Input data:
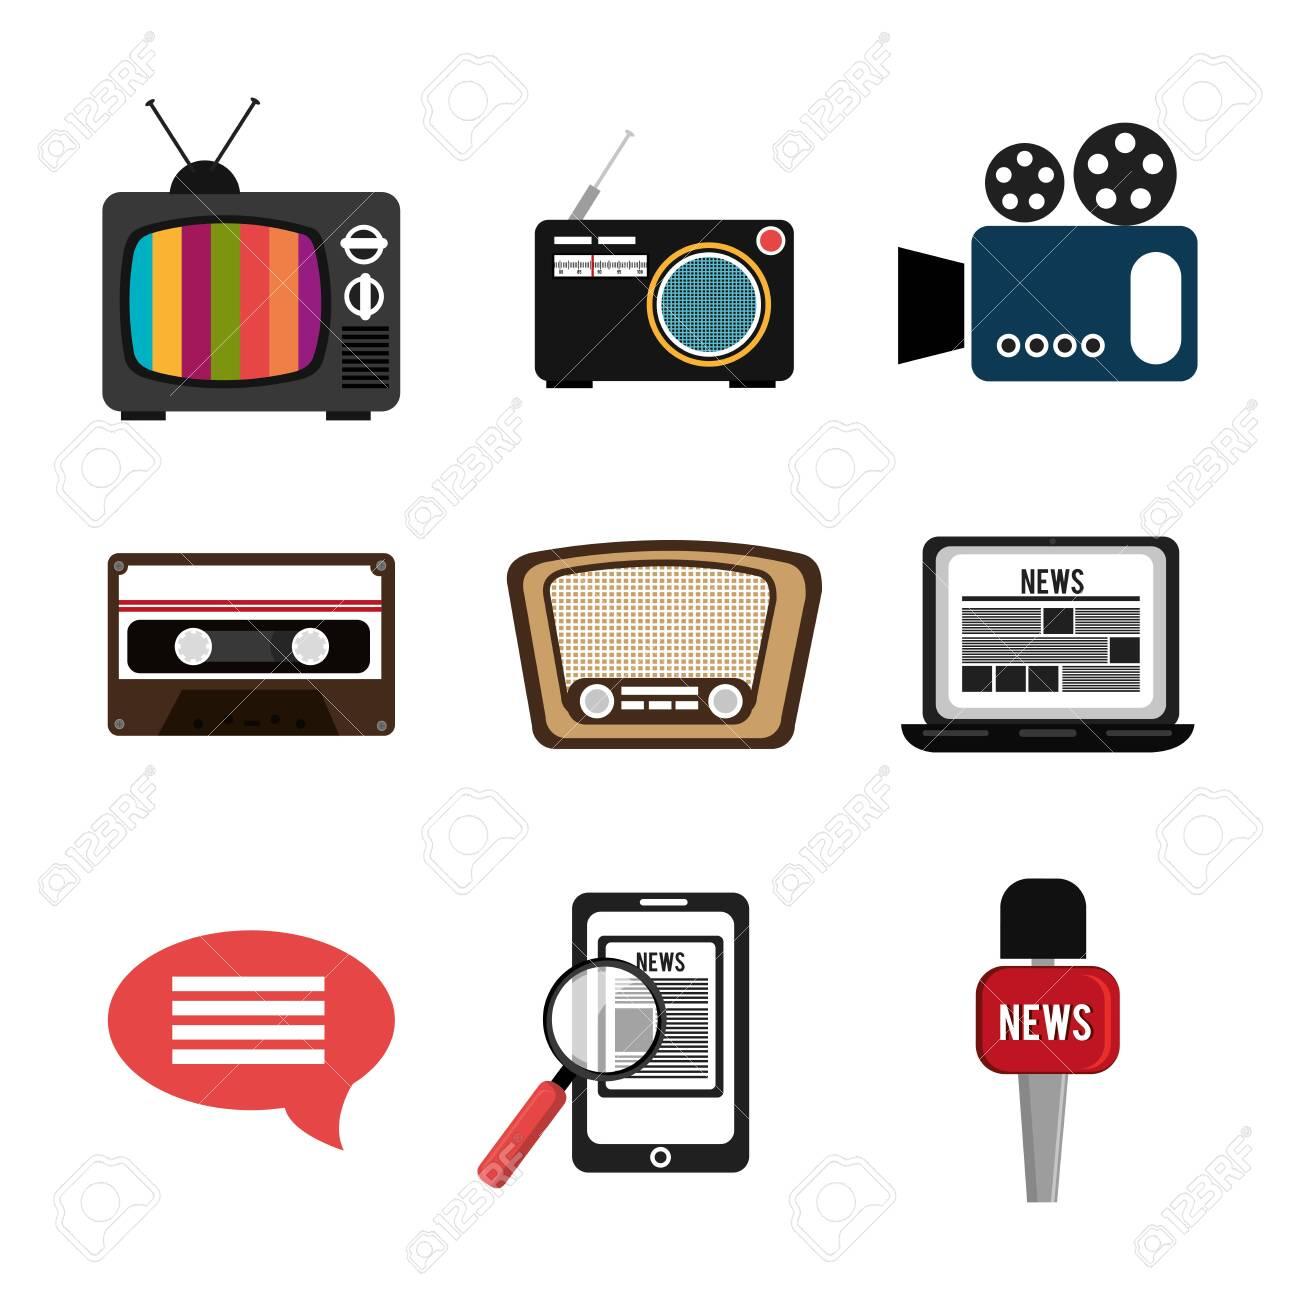 set of news information icons vector illustration design - 145077794
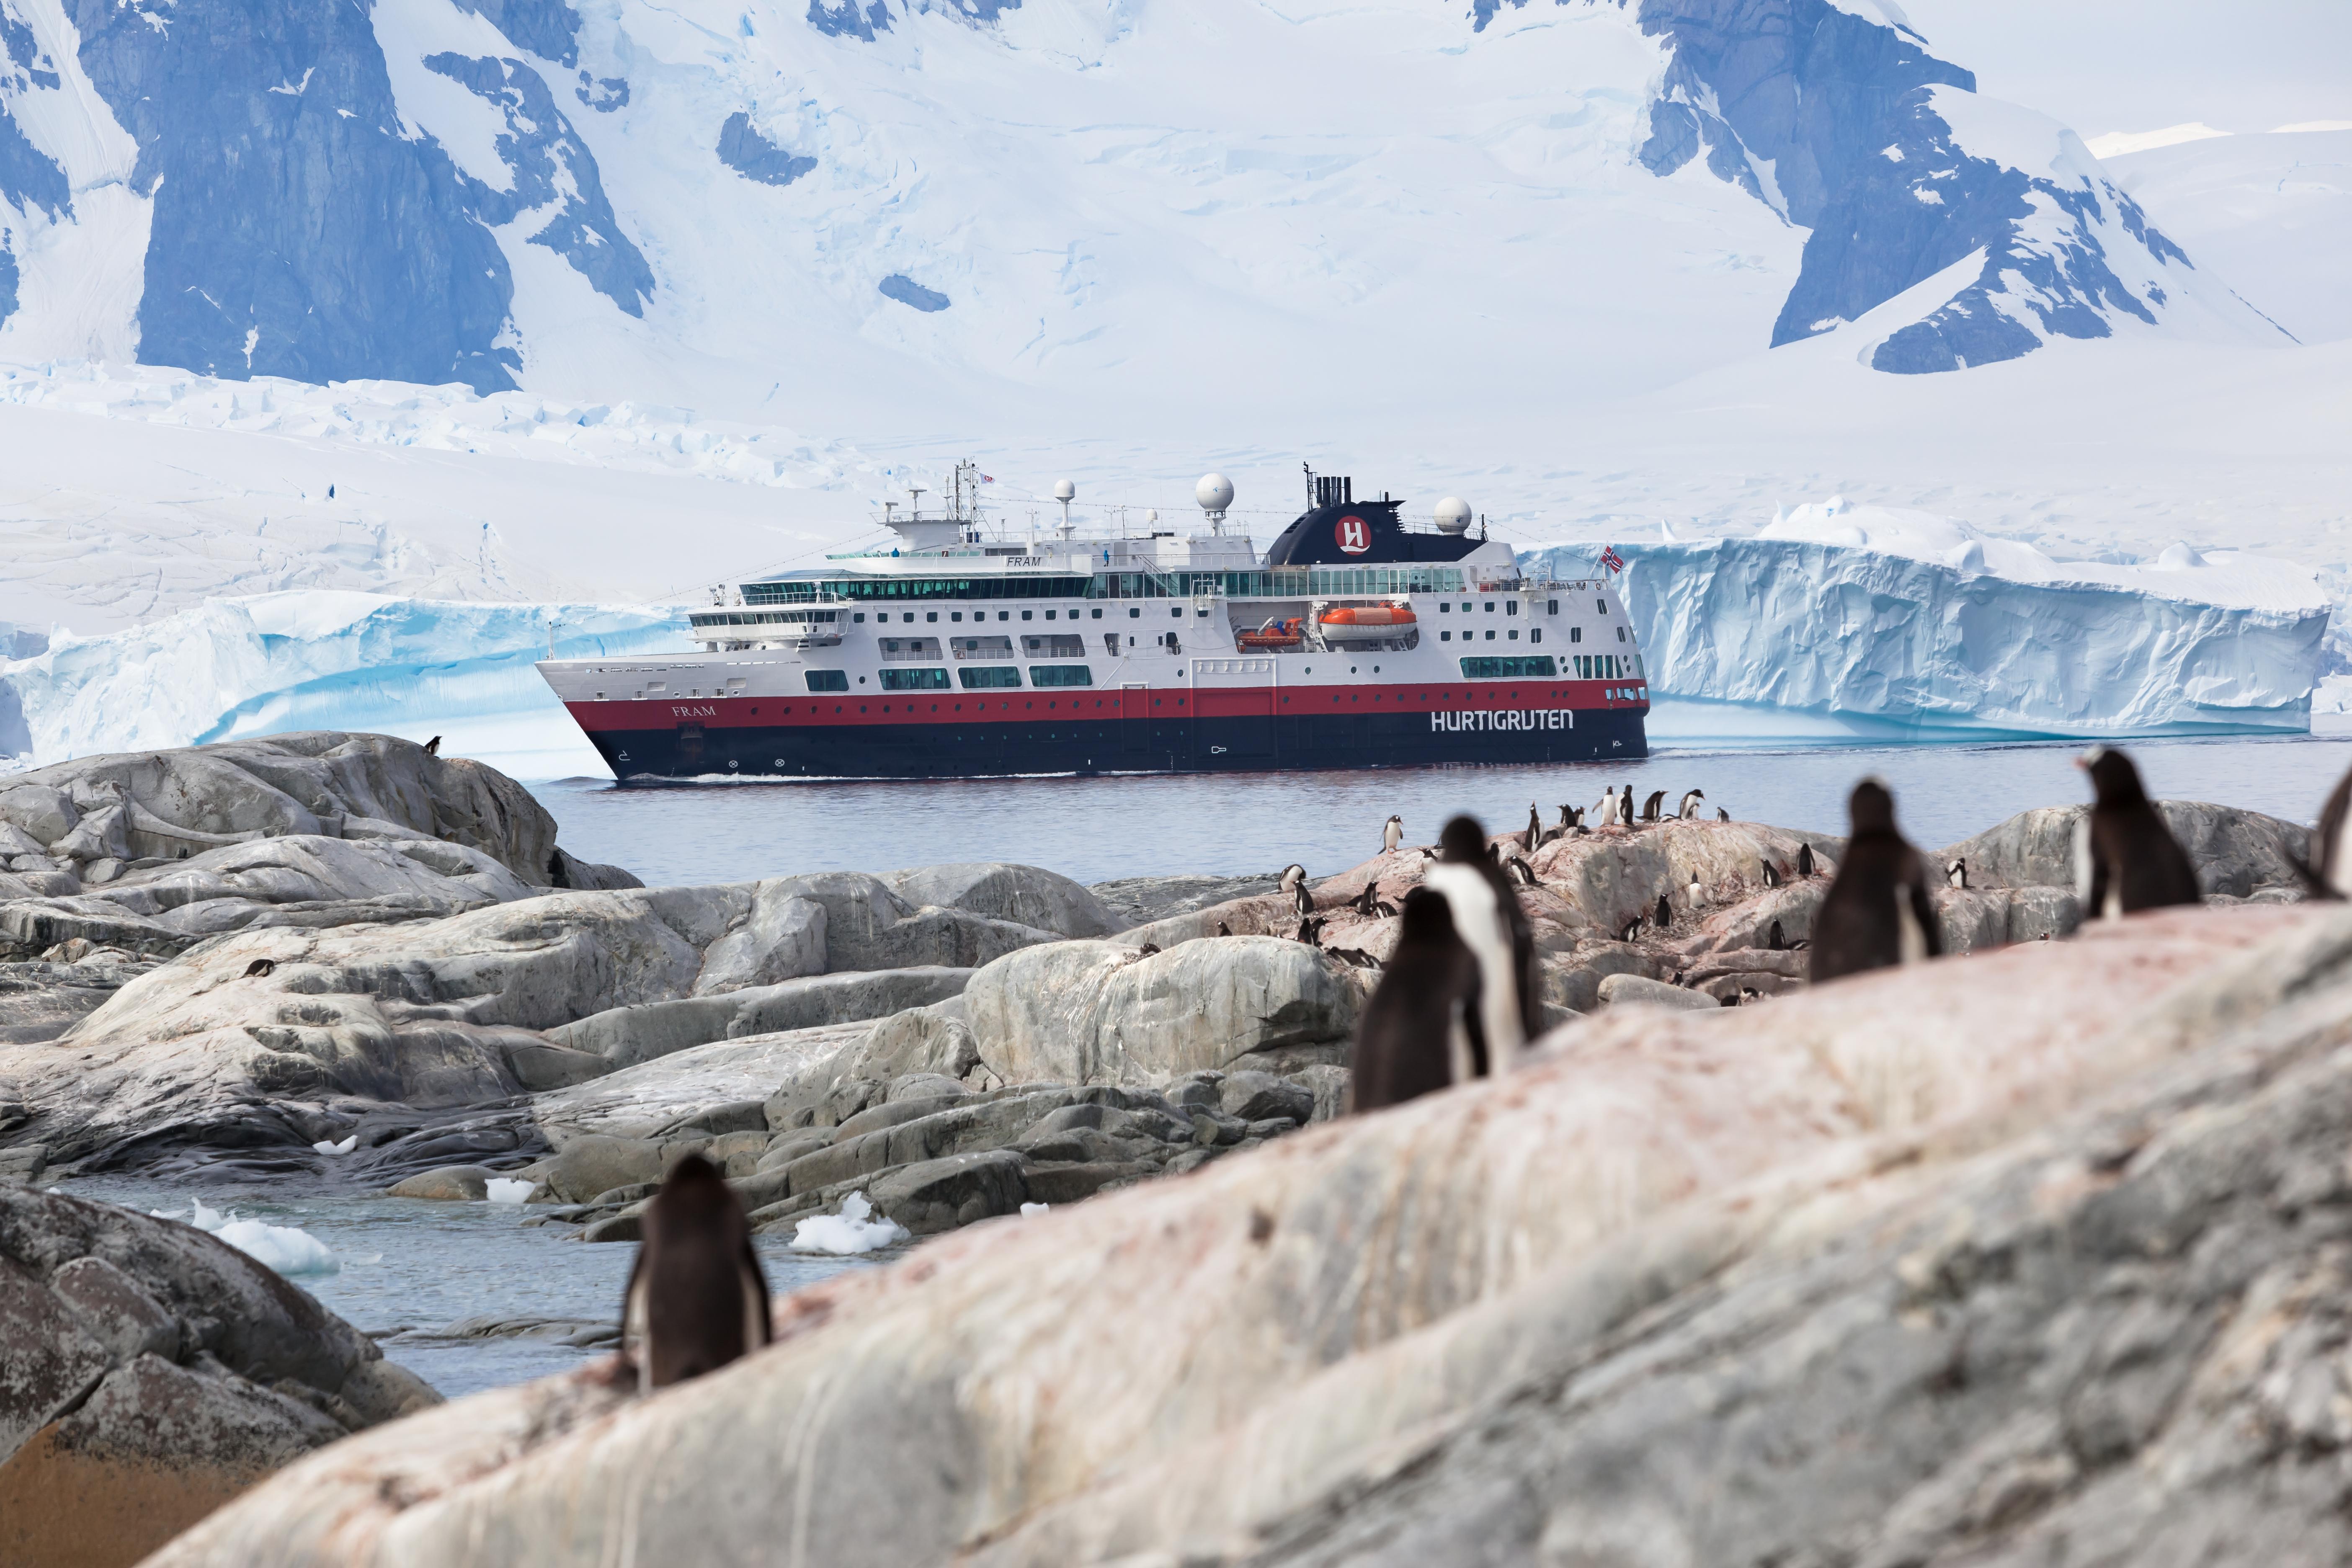 Antarctic Peninsula cruise ship Hurtigruten
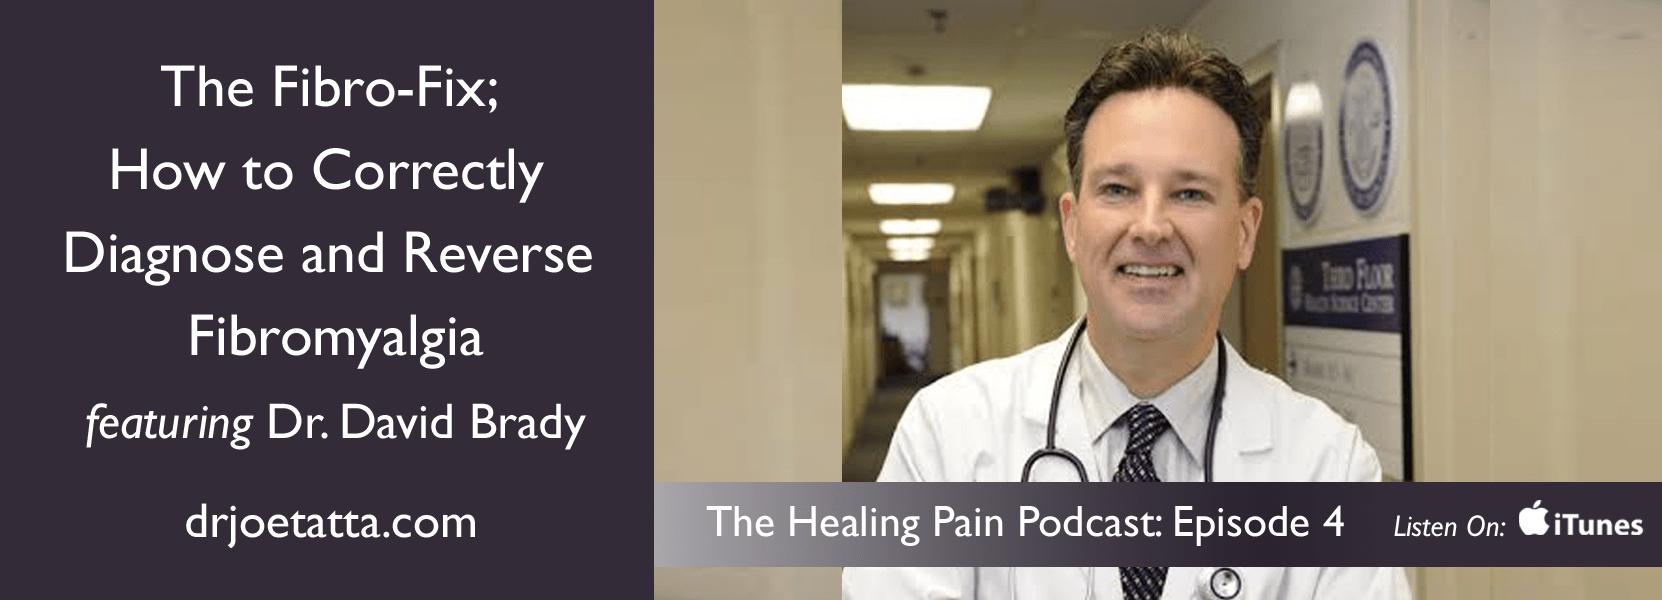 Dr-David-Brady-The-Fibro-Fix-Episode-4

What is needed: Could you retype the whole listing word for word, minus its pictures?

Task answer:
 set of news information icons vector illustration design - 145077794
 Antarctic Peninsula cruise ship Hurtigruten
 Dr-David-Brady-The-Fibro-Fix-Episode-4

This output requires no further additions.